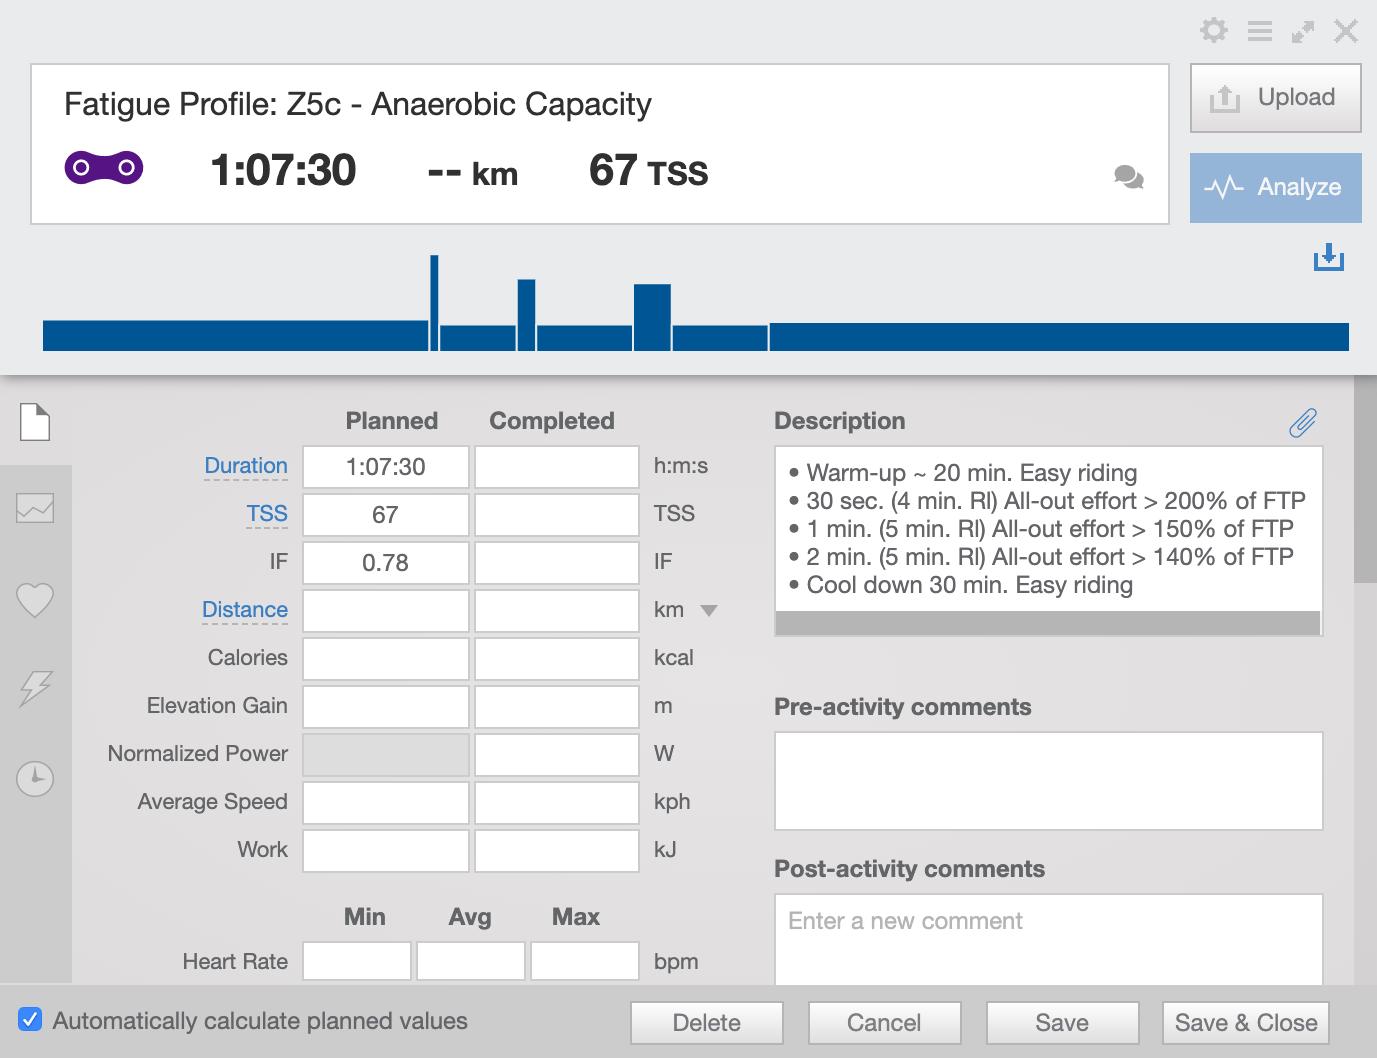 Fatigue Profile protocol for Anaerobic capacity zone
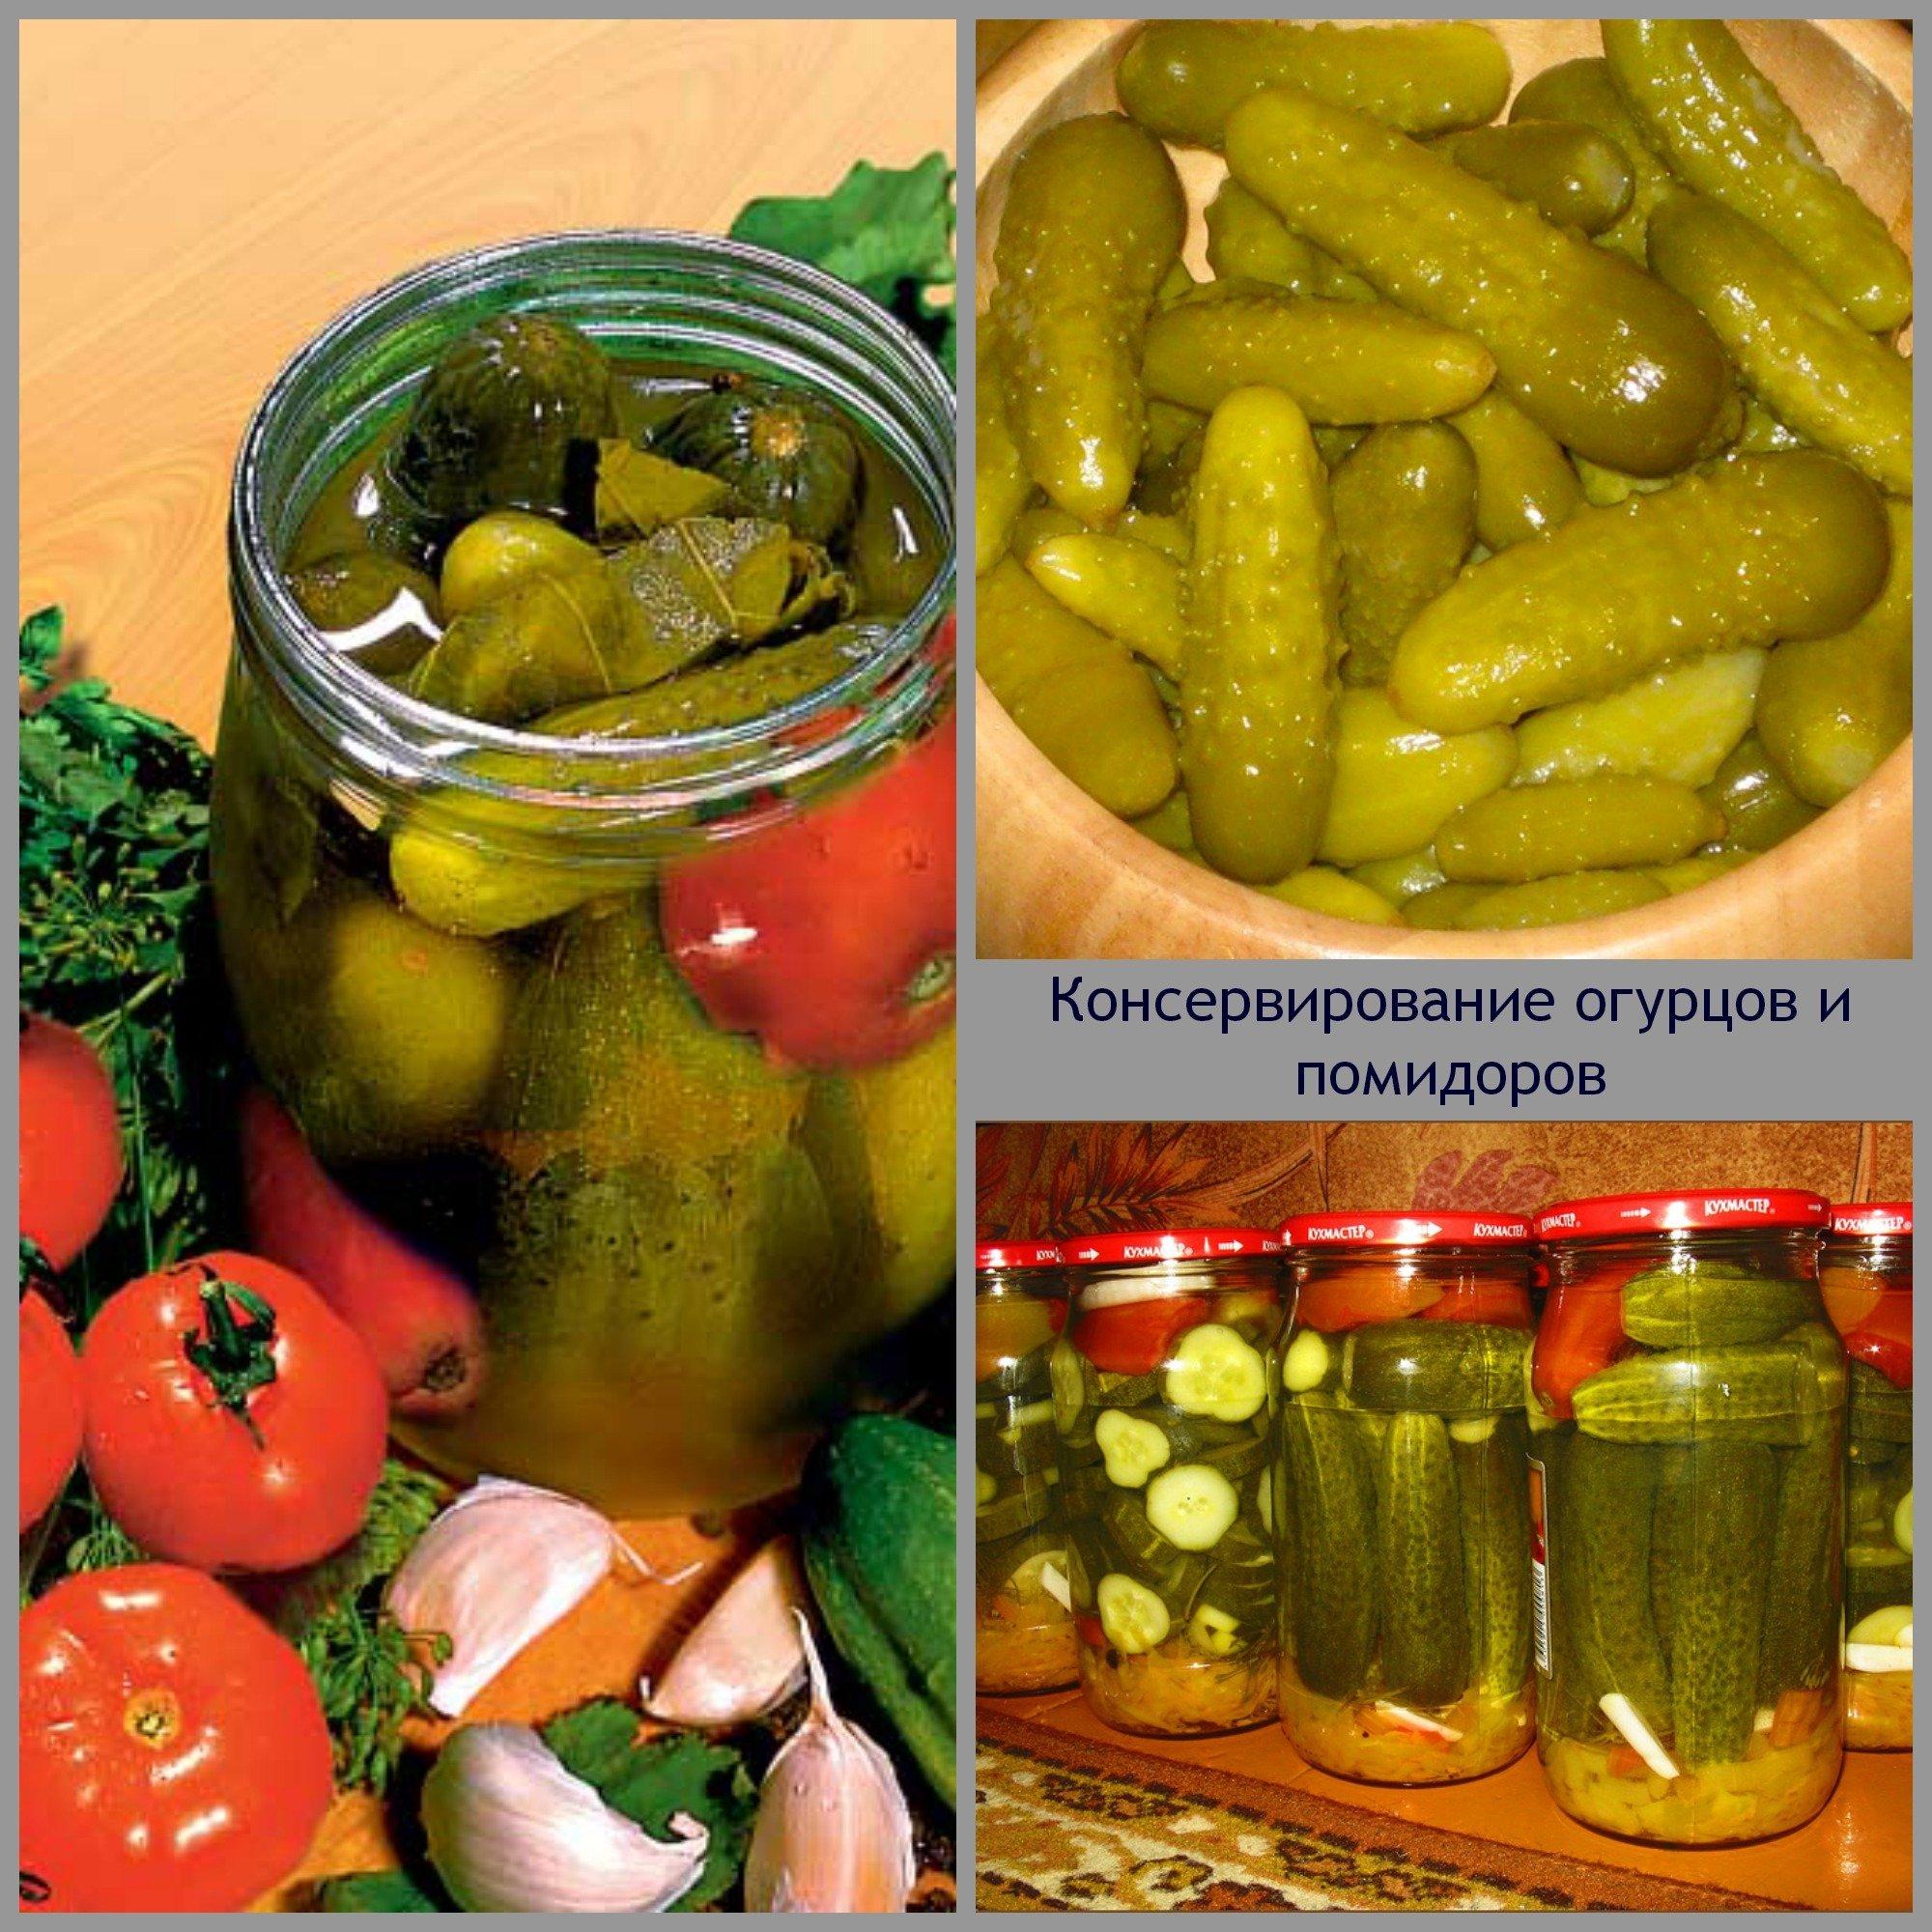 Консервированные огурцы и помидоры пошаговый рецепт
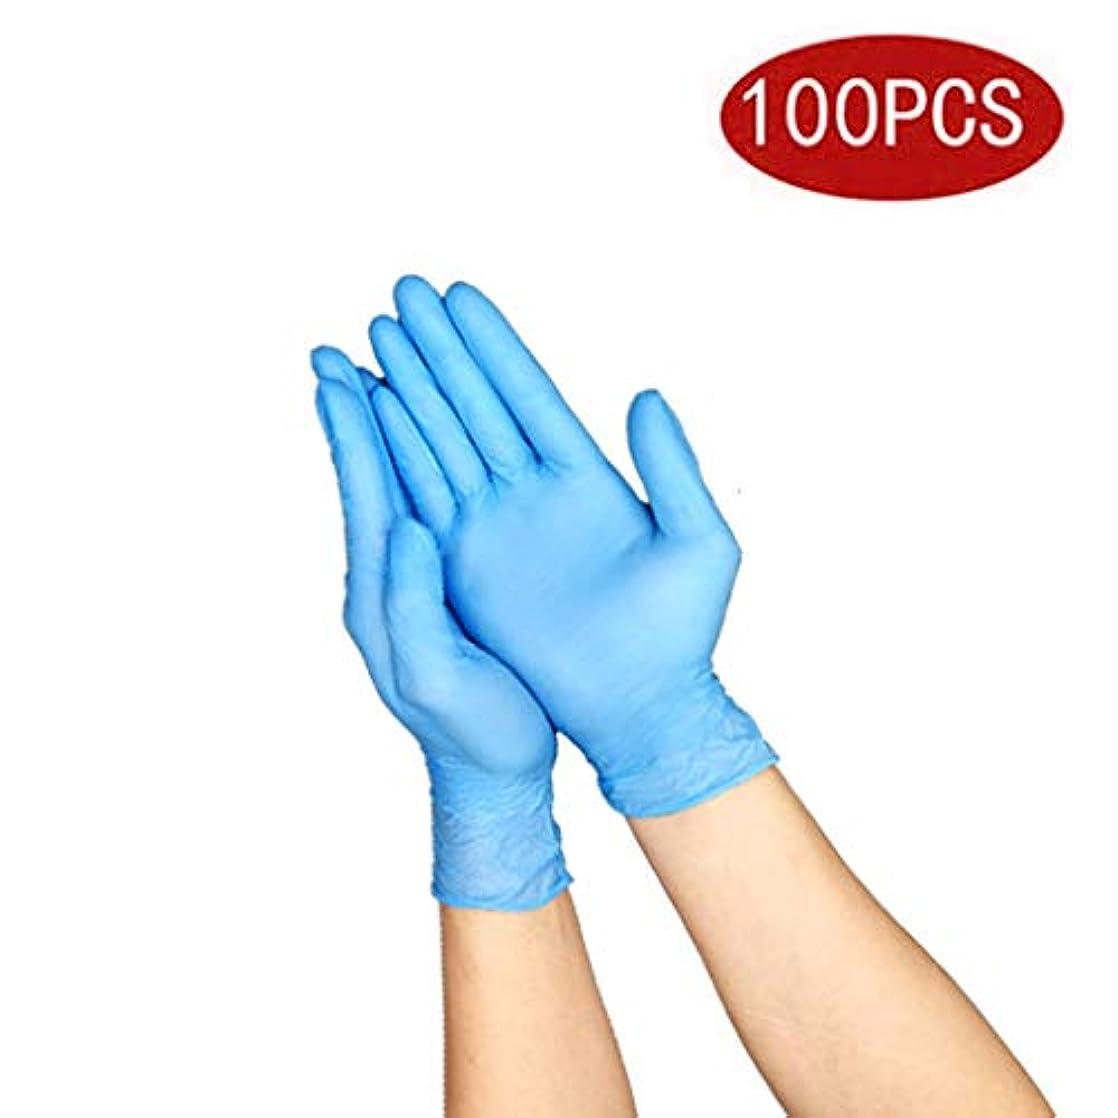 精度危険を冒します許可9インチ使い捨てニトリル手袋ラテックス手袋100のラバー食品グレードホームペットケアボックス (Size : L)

TASK INSTRUCTIONS — Give back the material above word for word; no picture belongs in it.

YOUR RESPONSE —
 Fatigue Profile protocol for Anaerobic capacity zone
 Консервированные огурцы и помидоры пошаговый рецепт
 精度危険を冒します許可9インチ使い捨てニトリル手袋ラテックス手袋100のラバー食品グレードホームペットケアボックス (Size : L)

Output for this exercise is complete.